看起来义正辞严,可他之前却不是这么说的!

记得去年经过云南时,他还言之凿凿地说什么“汪先生是党国元老,在国内外声望极高,只要您登高一呼,应者必然云集于旗帜之下。蒋J石一贯阴险奸诈,排除异己,所以先生发动和平运动、另立新政府是天经地义之事。除了GCD和冯Y祥等少数人之外,都会拥护汪先生出来倡导和平事业,在国际上也会得到许多国家的支持……”

可以说没龙云那剂**药,他汪精卫也不至于沦落到如此田地。

另外对张发奎、邓龙光、薛岳、吴奇伟等高级将领的秘密策动,也都一一为他们所拒绝。最令人沮丧的是,一向被他视为“和平运动”强有力支持者的近卫文麿,也于元月辞去首相之职。平沼新内阁未来的政策走向,他又一时不会儿摸不着底。

进退失据,甚至连人身安全都得不到保障,褚民谊的这番话,让他的心情愈发沉重起来。不过到底是国民党大佬,汪精卫不想在这个问题上再纠缠,更不想因此而动摇军心,立马岔开话题,心不在焉地问道:“那个陈茗轩是谁?听着有些耳熟。”

褚民谊下意识的朝陈璧君休息的卧室看了眼,随即低声回道:“说起来跟冰如还真有点关系,都是槟城华桥,还是陈氏颍川堂的主事。
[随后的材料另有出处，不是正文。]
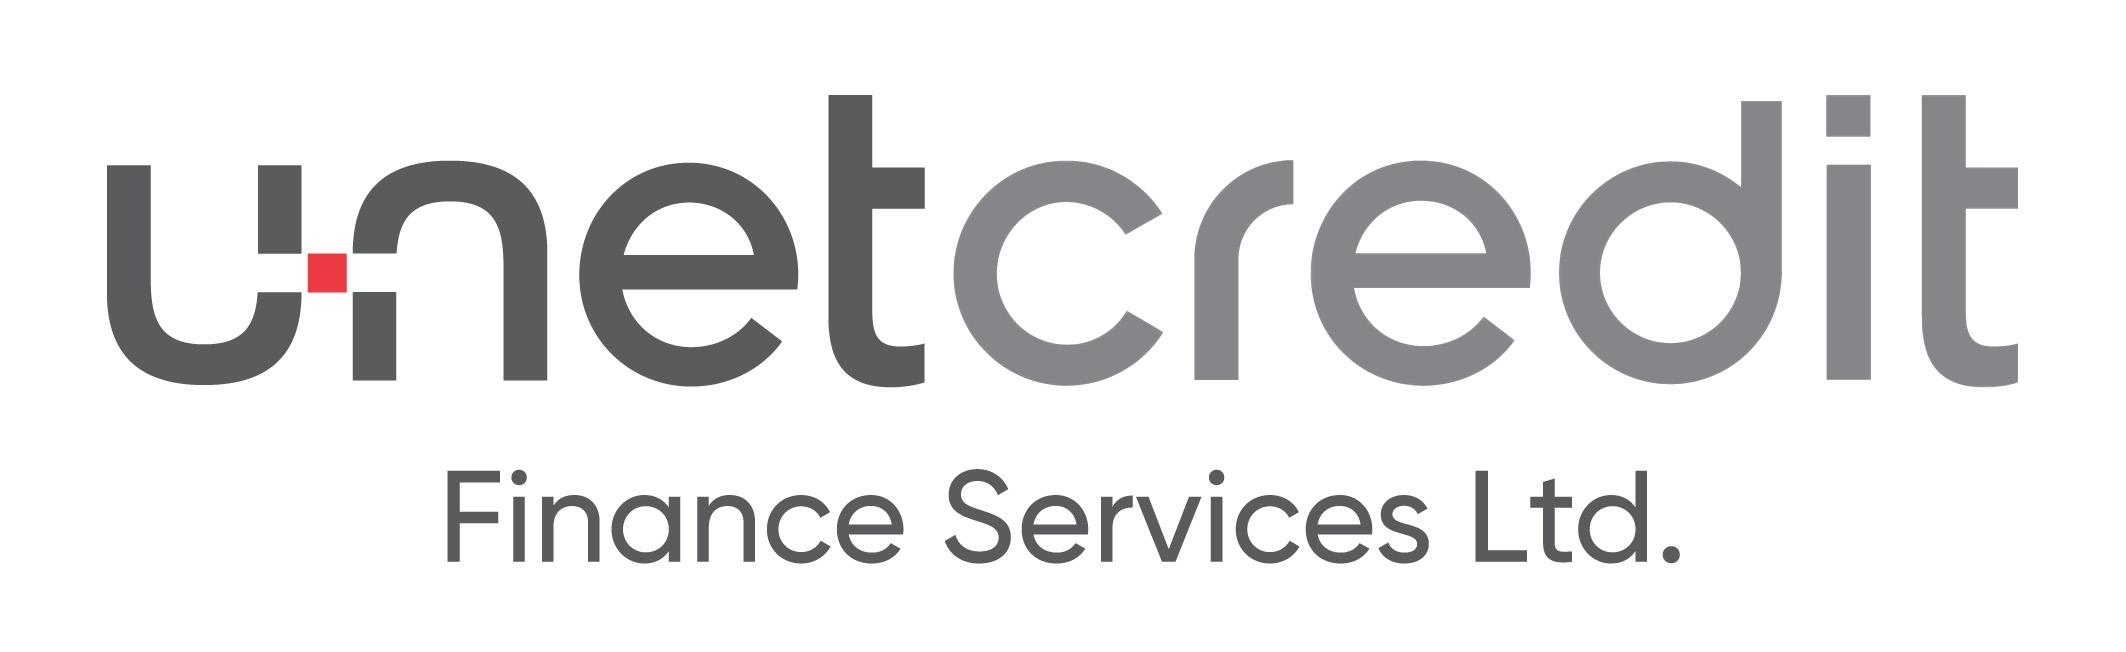 unetcredit - לקוח מרוצה - חברת עורכי דין פדר

”

陈氏颍川堂,汪精卫是如雷贯耳。

事实上只要是在槟城呆过的人,想不知道五大姓氏公司都不成。但此陈非彼陈,槟城五大姓公司中的陈公司,都是福建人或福建人的后代,跟祖籍广东新会的陈璧君和陈耀祖兄妹,还真扯不上半点关系。

“开什么玩笑?”汪精卫给了他个白眼,没好气地说:“一个福帮、一个广帮,早前势不两立,现在井水不犯河水,冰如能跟他有什么关系?”

都说一个中国人是条龙,一群中国人是条虫。

别看槟城有那么多华人,事实上一百多年来却从未团结过。以五大姓氏公司为主的福建人,同潮州人、广东新会人因为利益关系,一直都在明争暗斗,甚至还因矛盾激化而引发过几次骚乱。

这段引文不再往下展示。